## Word2Vec from Scratch

We will be building a Word2Vec method
- What it is? It helps create the vector representation of a given word, called word embeddings.
- Why is it useful? The vectors we create will aim to capture semantic meanings and their relationships with different words, so the famous example 'king' and 'queen' will end up in a similar vector space.
- It might feel like a FFNN, it is the same structure but an embedding model instead of a classification one, it learns word embeddings (semantics in words)

There's two ways to do it:
1. Continuous Bag of Words (CBOW) which tries to predict a word in the sentence, given its surrounding neighbour words.
eg: the quick brown _____ jumps over the lazy dog. We can try to use our surrounding words of 'brown' and 'jumps' to try to predict the missing word 'fox'.

2. Skip Gram is the reverse, instead it will predict the neighbours of a given word. 
eg: the quick ______ fox ______ over the lazy dog.


## Step 1: setup the dataset

I'll go with the reddit text corpus today from Convokit. Its supposed stats are:

- Number of Utterances: 297132
- Number of Speakers: 119889
- Number of Conversations: 8286

We'll import the dataset then see what we're working with

In [1]:
from convokit import Corpus, download
corpus = Corpus(filename=download("reddit-corpus-small"))


TransformerDecoderModel requires ML dependencies. Run 'pip install convokit[llm]' to install them.


  from .autonotebook import tqdm as notebook_tqdm


TransformerEncoderModel requires ML dependencies. Run 'pip install convokit[llm]' to install them.
UnslothUtteranceSimulatorModel requires ML dependencies. Run 'pip install convokit[llm]' to install them.
Dataset already exists at C:\Users\Eunha\.convokit\saved-corpora\reddit-corpus-small


In [30]:
from itertools import islice
from typing import Dict, List, Sequence, Tuple
MAX_UTTERANCES = 10000
chosen_utts = [utt.text for utt in islice(corpus.iter_utterances(), MAX_UTTERANCES)]

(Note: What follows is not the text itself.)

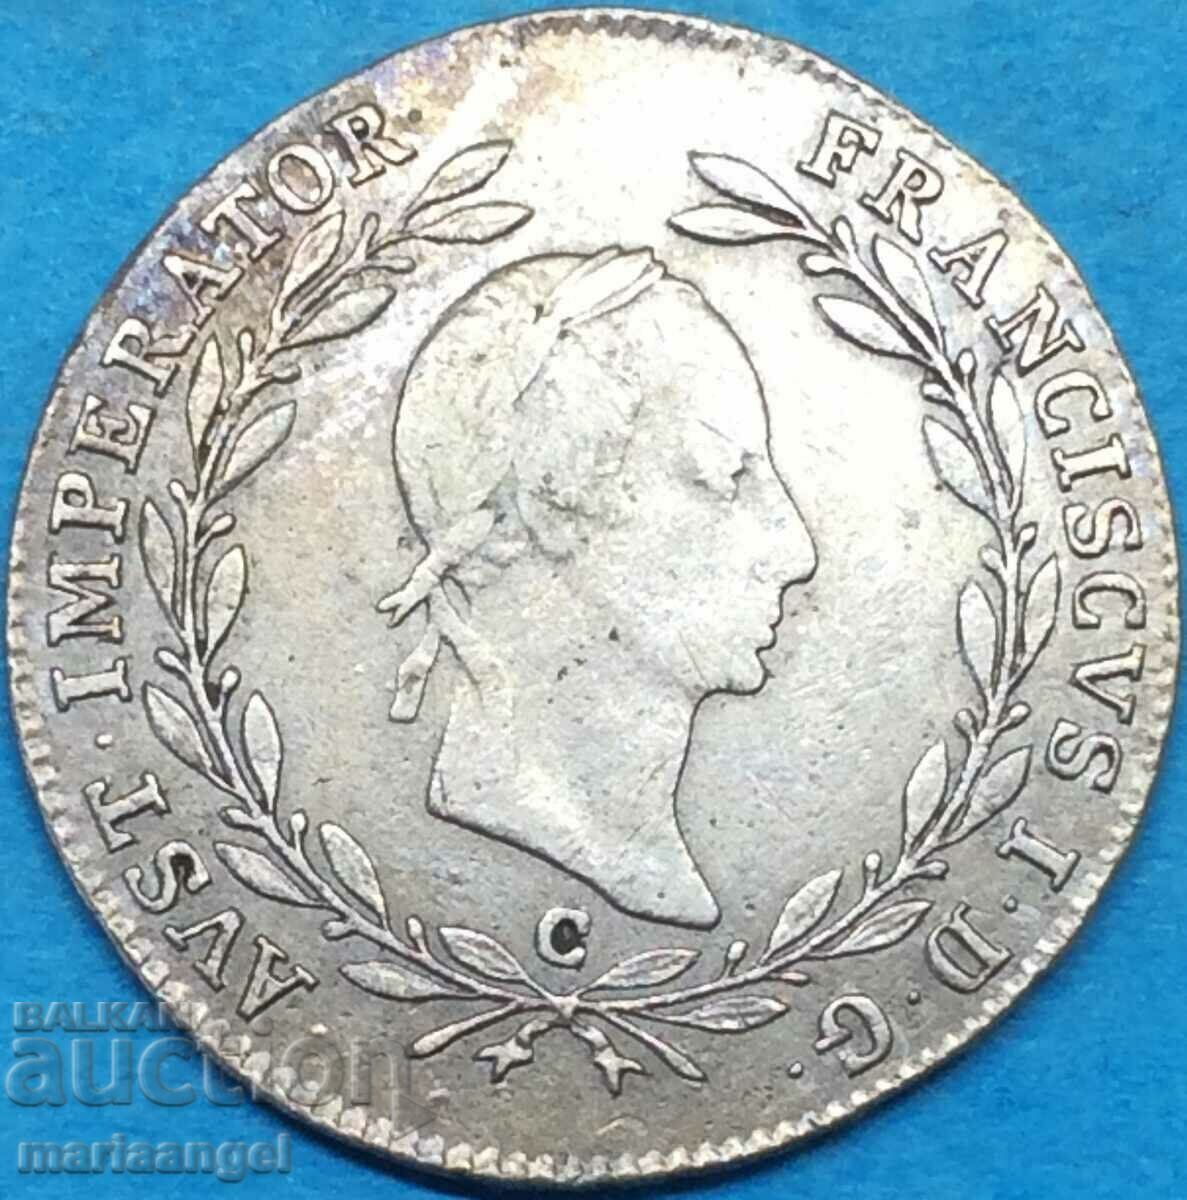 20 Kreuzer 1830 Austria C - Prague silver - rare

print(len(chosen_utts), "utterances loaded")

10000 utterances loaded


Okay we have chosen one line, lets proceed with working with this line to get a feel of how this works. Lets tokenise it to ensure we remove any ambiguities in variations of words that might trip up the model. eg: lowercase the words so 'Talk' and 'talk' aren't differentiated during the training.

In [None]:
import re
def tokenise(text: str) -> List[str]:
    return re.findall(r"[a-z0-9]+'[a-z0-9]+|[a-z0-9]+", text.lower(), flags=re.I)

Now with each utterance cleaned and broken down into simple tokens, we can map it out

In [None]:
def build_vocab(tokenised_utts):
    # Flatten tokenised utterances into a single list of words
    words: List[str] = [token for utt in tokenised_utts for token in utt]
    vocab = set(words)
    word_to_idx:Dict[int, str] = {word: idx for idx, word in enumerate(vocab)}
    idx_to_word:Dict[int, str] = {idx: word for word, idx in word_to_idx.items()}
    return words, word_to_idx, idx_to_word


def tokens_to_ids(tokenised_utts: List[List[str]], word_to_idx: Dict[str, int]) -> List[List[int]]:
    return [[word_to_idx[w] for w in utt if w in word_to_idx] for utt in tokenised_utts]

tokenised_utts = [tokenise(utt) for utt in chosen_utts]
words, word_to_idx, idx_to_word = build_vocab(tokenised_utts)

print(idx_to_word[105])

utt_ids = tokens_to_ids(tokenised_utts, word_to_idx)



gloss


# Step 2: Define the Skip-gram pairs. 

Lets say for example we had a window size of 2:

tokens = ["quick", "brown", "fox", "jumps", "over"]
                0        1      2       3        4

For this iteration, we choose 'fox' as the center word.
window size tells us how far left and right we can look for the context words, so we can make 2 steps up until index 0 or index 4.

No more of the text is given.